**MATERIAL PROVIDED:**

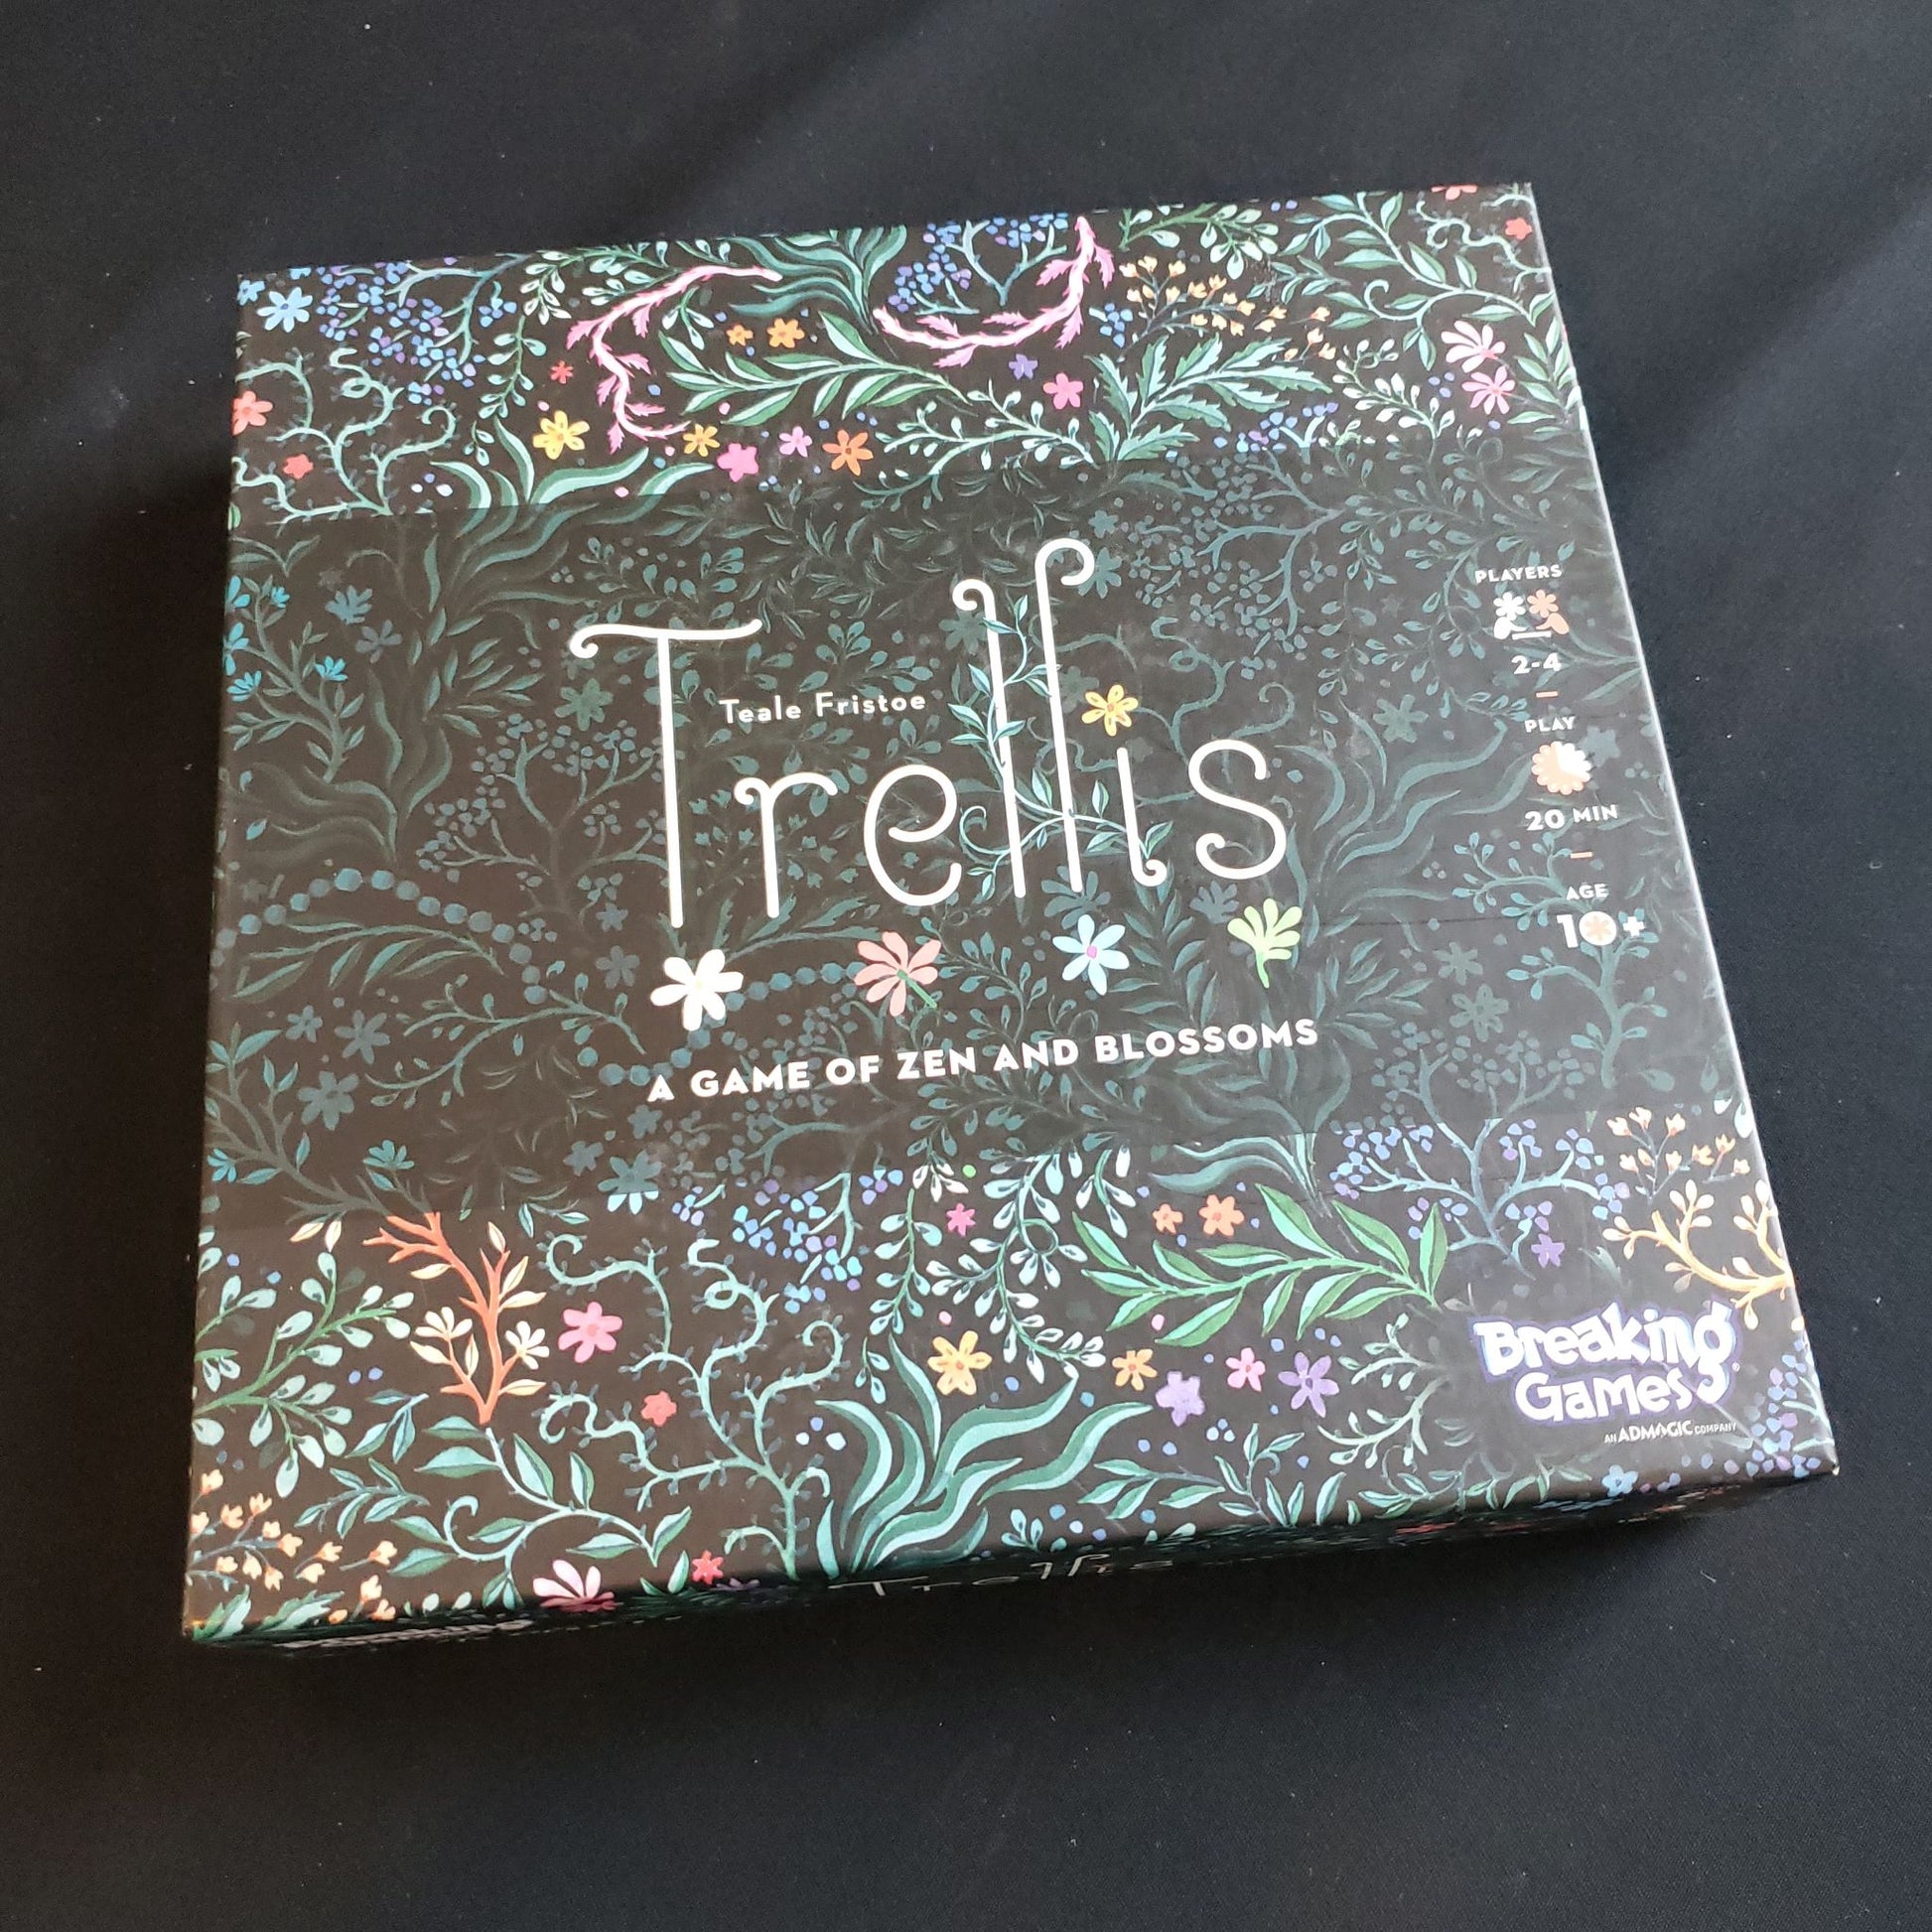 Trellis board game - front cover of box
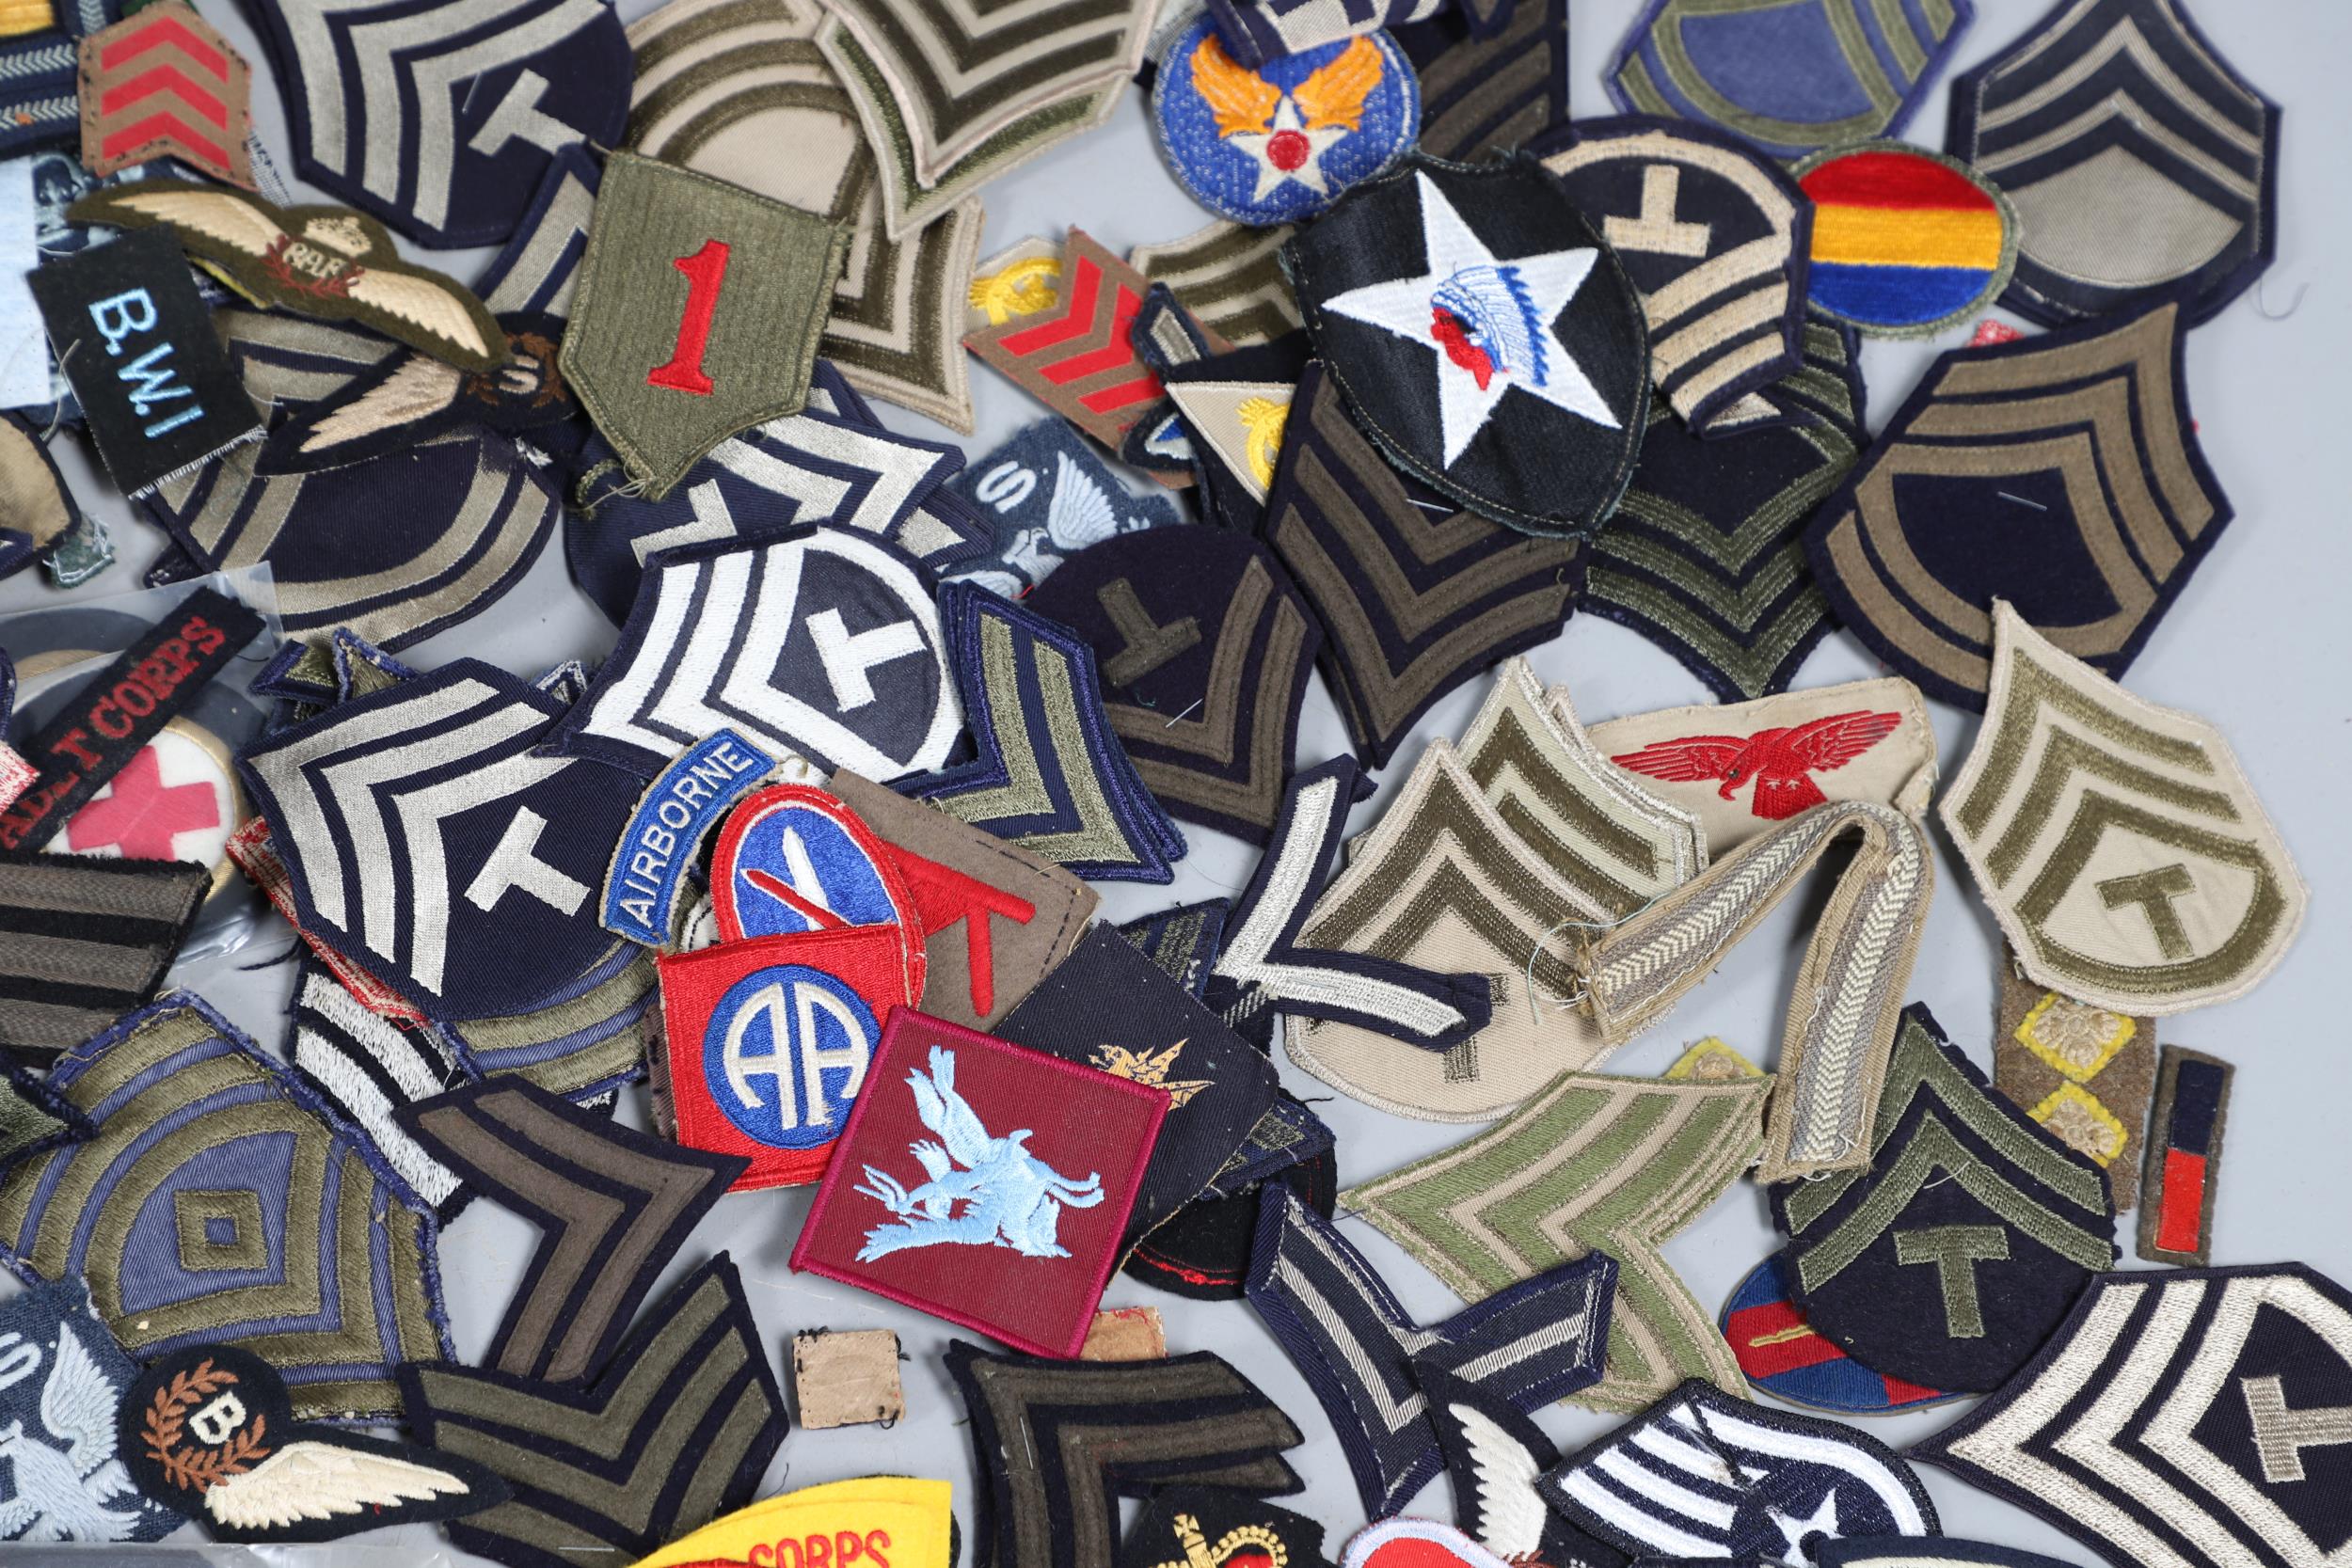 AN EXTENSIVE COLLECTION OF ARMY AND AIR FORCE UNIFORM PATCHES AND RANK INSIGNIA. - Image 12 of 14
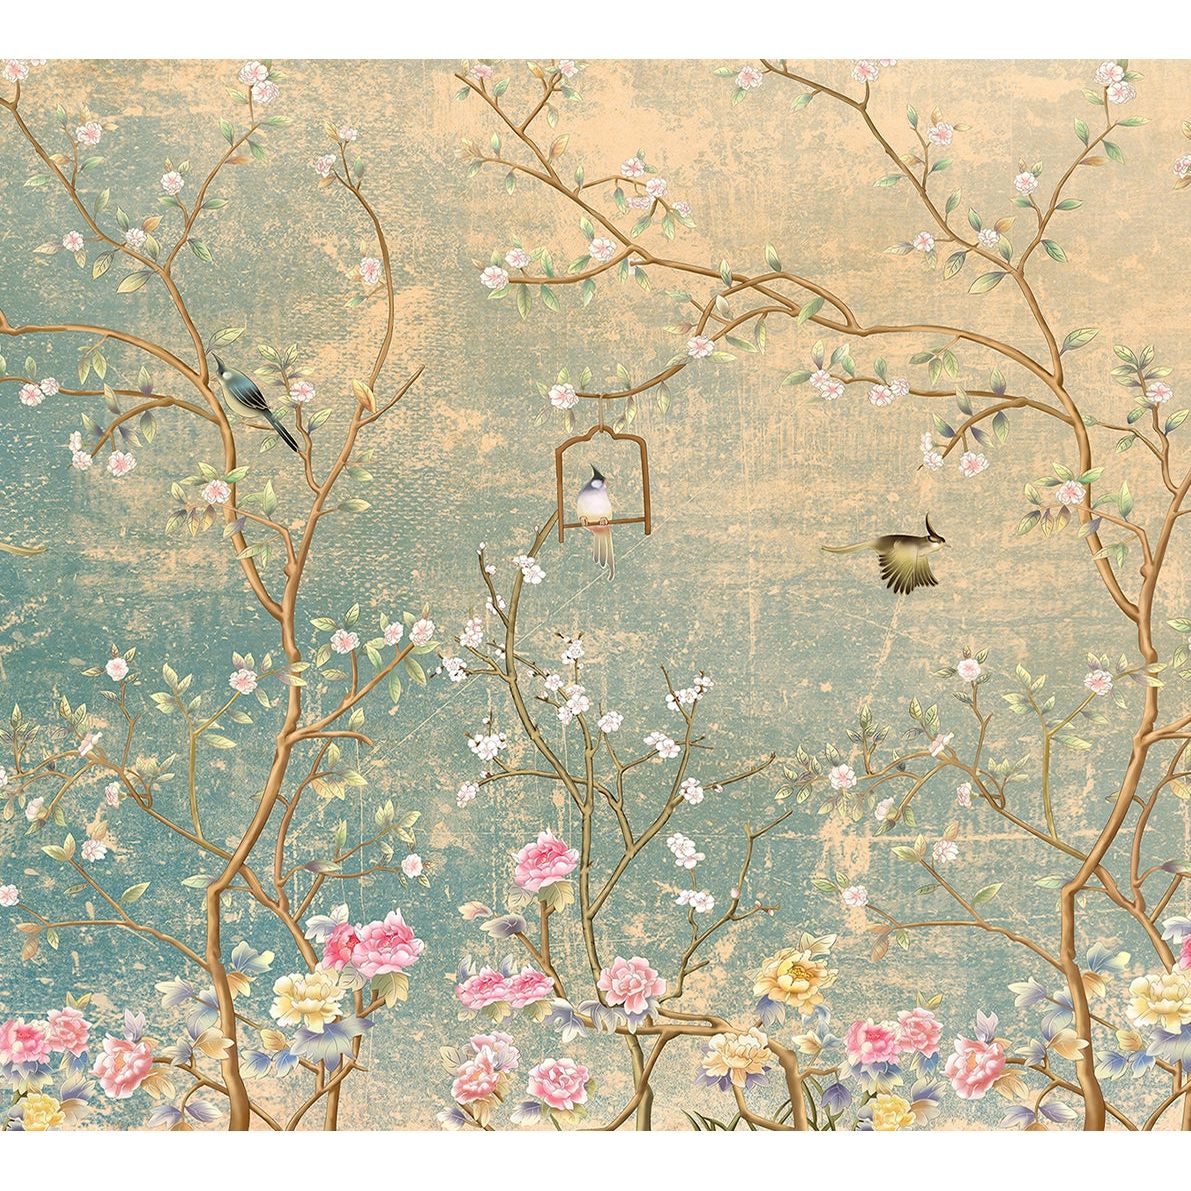 Sunlit Canopy: Blue & Yellow Branches & Birds Wall Mural

**TASK STATEMENT:** The response consists of the data above printed line for line, with no pictures.

**SOLVED EXERCISE:**
 Trellis board game - front cover of box
 AN EXTENSIVE COLLECTION OF ARMY AND AIR FORCE UNIFORM PATCHES AND RANK INSIGNIA. - Image 12 of 14
 Sunlit Canopy: Blue & Yellow Branches & Birds Wall Mural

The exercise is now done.